The drawings show an embodiment of a rotating device for a cultivator according to the present invention. FIG. 1 is an overall side view of a cultivator equipped with the rotating device according to the present invention, and FIG. 6 is an explanatory view of the operation of the main part, FIG. 7 (a) is a side view of the main part showing the interlocking relationship with the tilling part rotary clutch mechanism, and FIG. 7 (b) is the same operation explanatory view as the above, FIG. 8 (a) ) To (b) are explanatory views of a main part showing the interlocking state of the side clutch lever and the lift lever, FIG. 9 is an explanatory view of the same as above, and FIG. 10 is an explanatory view of the operation of the reverse rotation switching restricting mechanism. In the figure, 1 ... cultivator, 6 ... transmission lever, 14 ... drive shaft, 15 ...
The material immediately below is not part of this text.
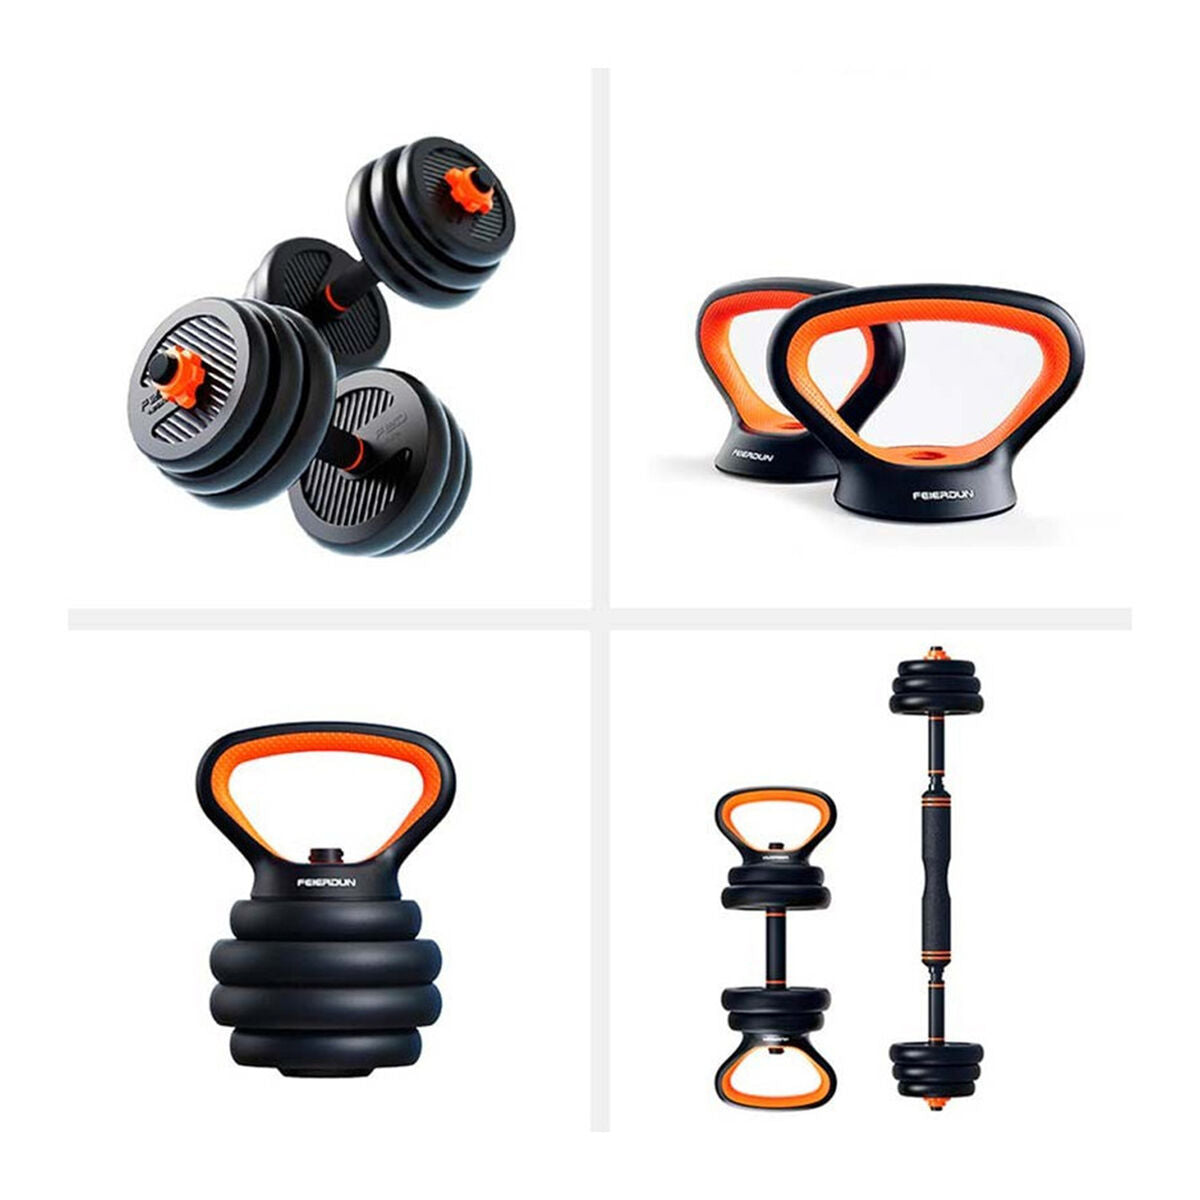 Kettlebell and Dumbbell Kit Xiaomi 10 Kg (Refurbished B)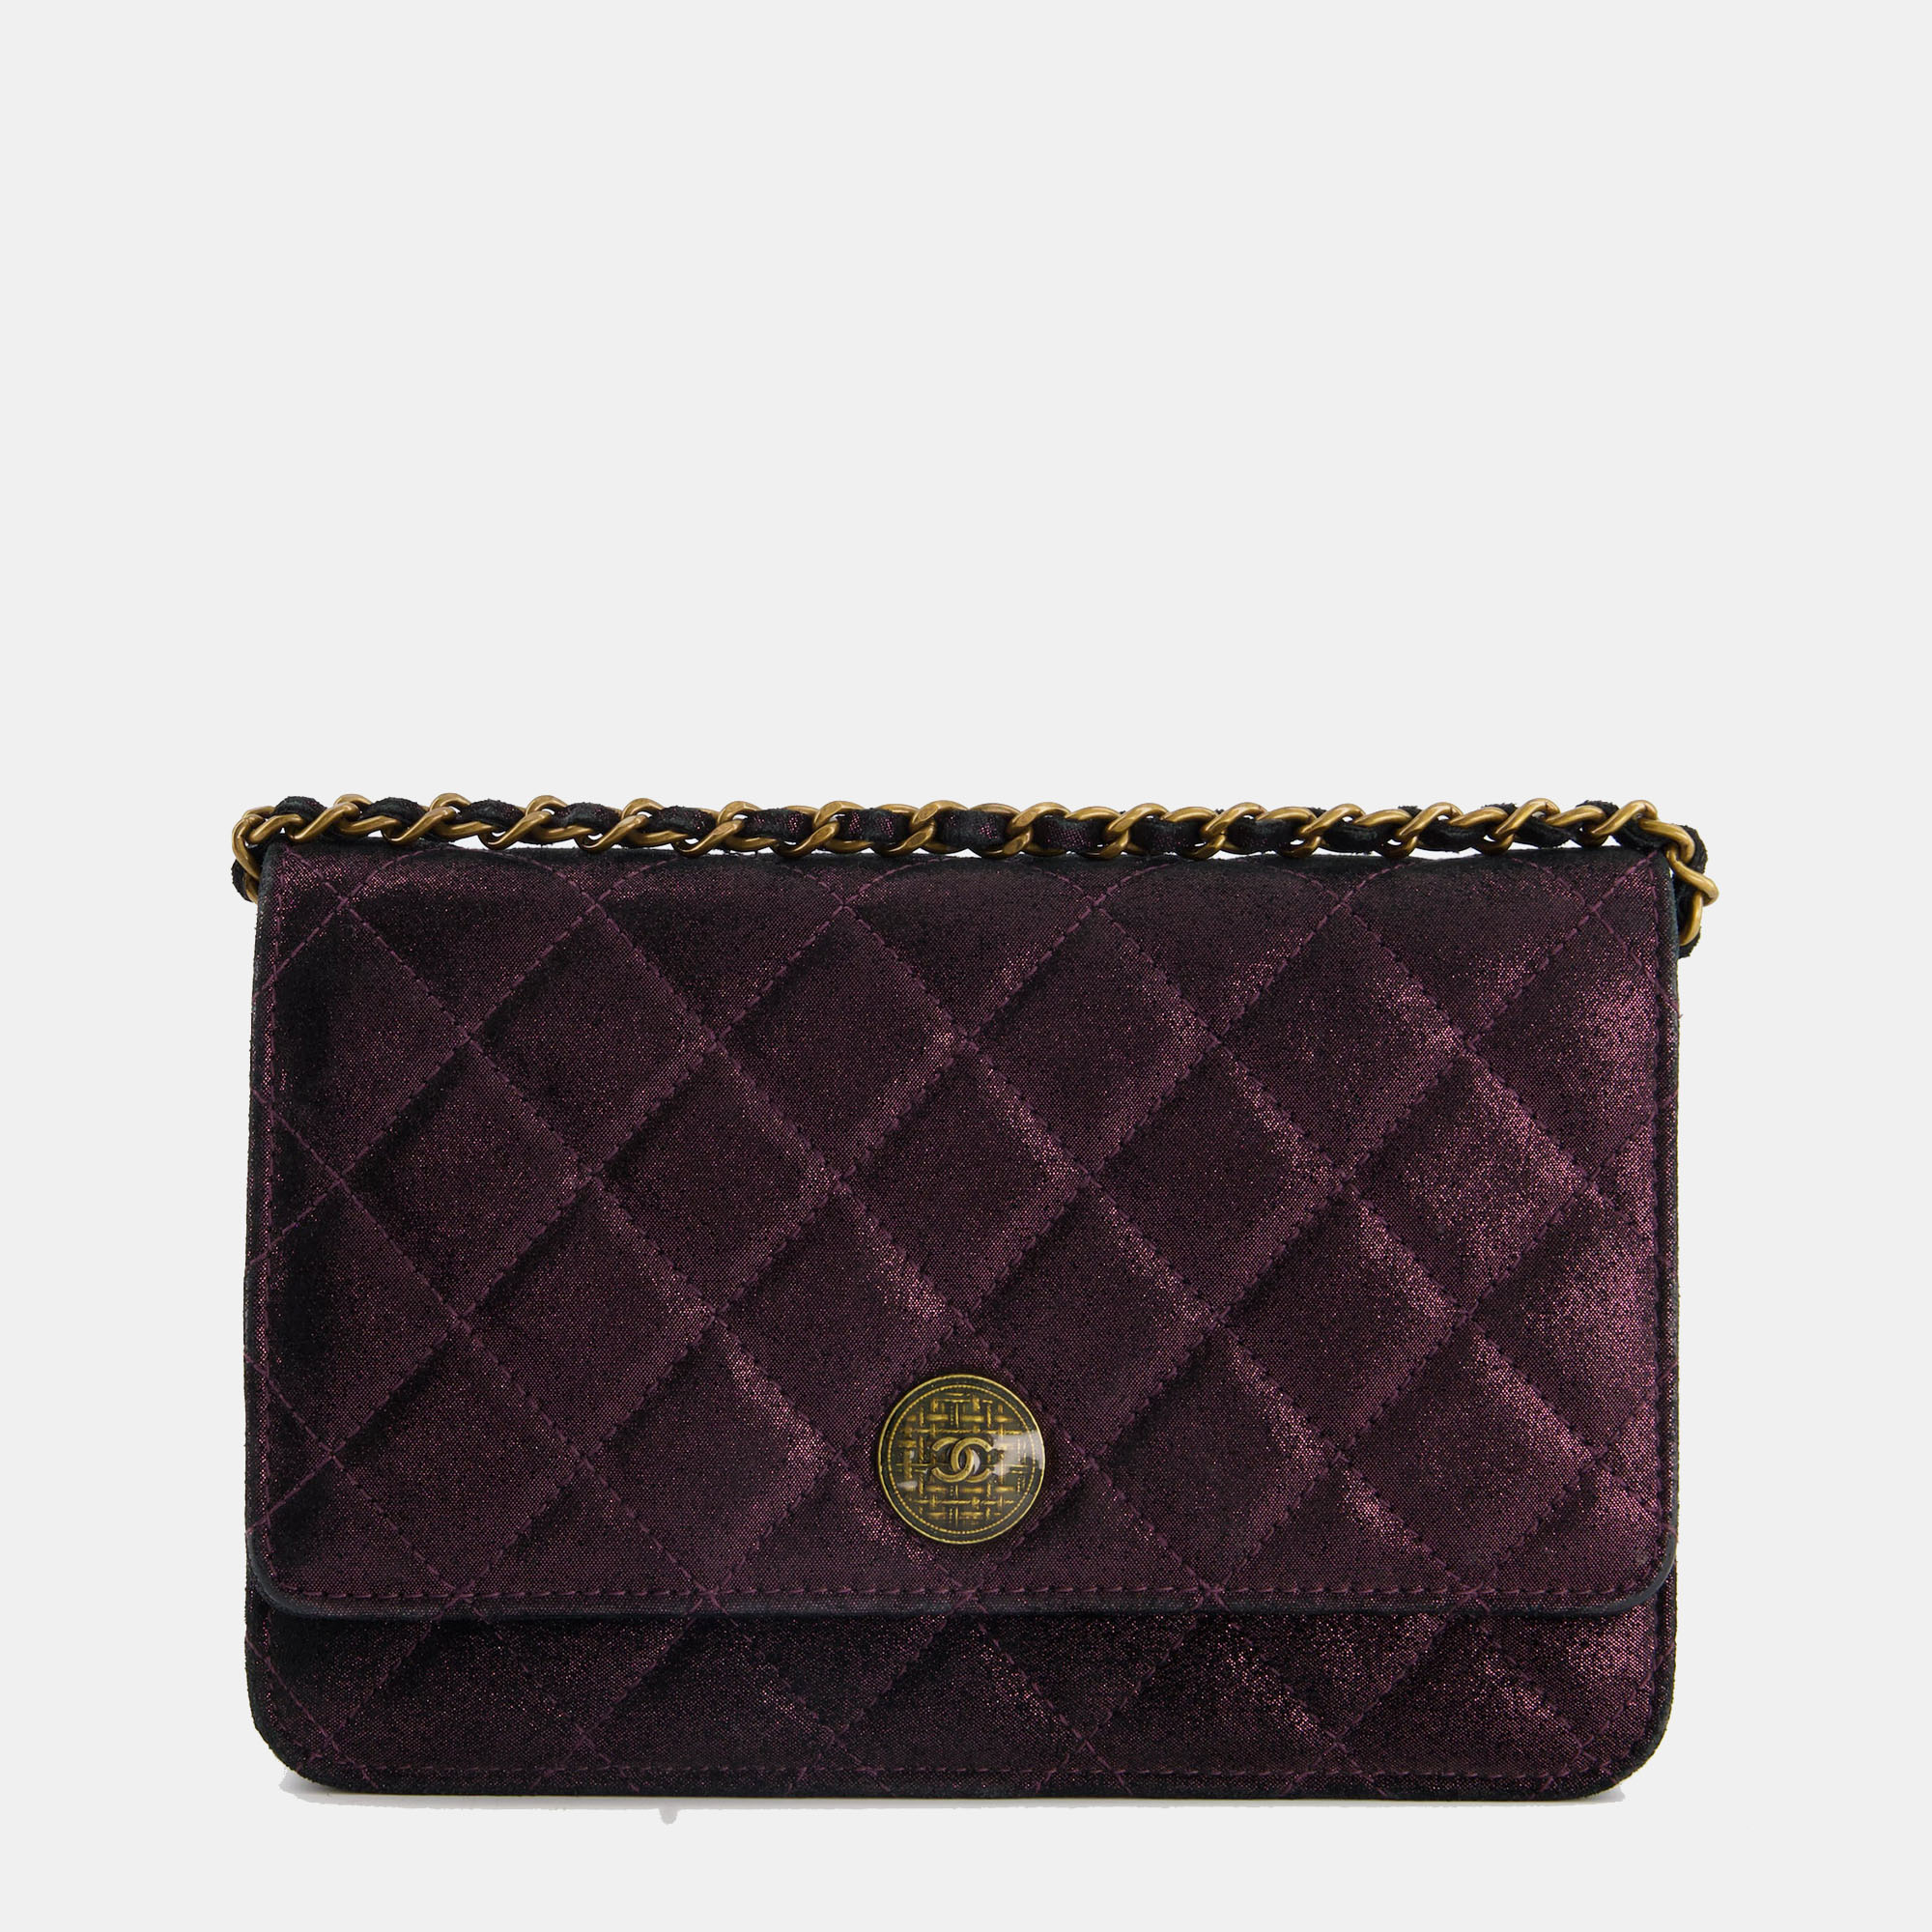 Chanel metallic purple wallet on chain with antique gold hardware

… Side clutch mechanism, 18,19 …… Side clutch lever, 20 …… Transmission shaft, 21a, 21b …… Clutch engagement part, 22,23
...... Reverse rotation transmission, 22a, 23a …… Reverse rotation clutch meshing part, 24,
25 …… Side clutch gear, 28 …… Reverse rotation drive sprocket, 39 …… Reverse rotation drive clutch mechanism, 40 …… Rotating arm,
42a, 42b ... lift lever, 46 ... tilling part rotary clutch mechanism, 61 ... reverse rotation switching restriction mechanism.

Claims (1)

[Scope of utility model registration request] 1. A drive shaft for transmitting engine output is provided with a reverse rotation drive clutch mechanism, and a transmission shaft provided at an intermediate position from the drive shaft to the axle is provided with a side clutch mechanism interlocked with operation of a side clutch lever. The reverse drive clutch mechanism and the side clutch mechanism are interlocked and connected via a reverse drive sprocket pivotally mounted on a transmission shaft, and one end of a rotating arm for turning the reverse drive clutch mechanism on and off is connected to a side clutch lever. It is connected to a lift lever that rotates in conjunction with the cutting operation, the other end of the rotating arm is connected to the tilling part rotary clutch mechanism, and it is also connected to a reverse rotation switching restriction mechanism that is fixed by the speed change lever at the high speed position. , When operating the side clutch lever, only when the speed change lever is in the low speed position In conjunction with the operation, the tilling unit rotary clutch mechanism tiller times line device characterized by the switchably configured from the "filled" state to the "off" state.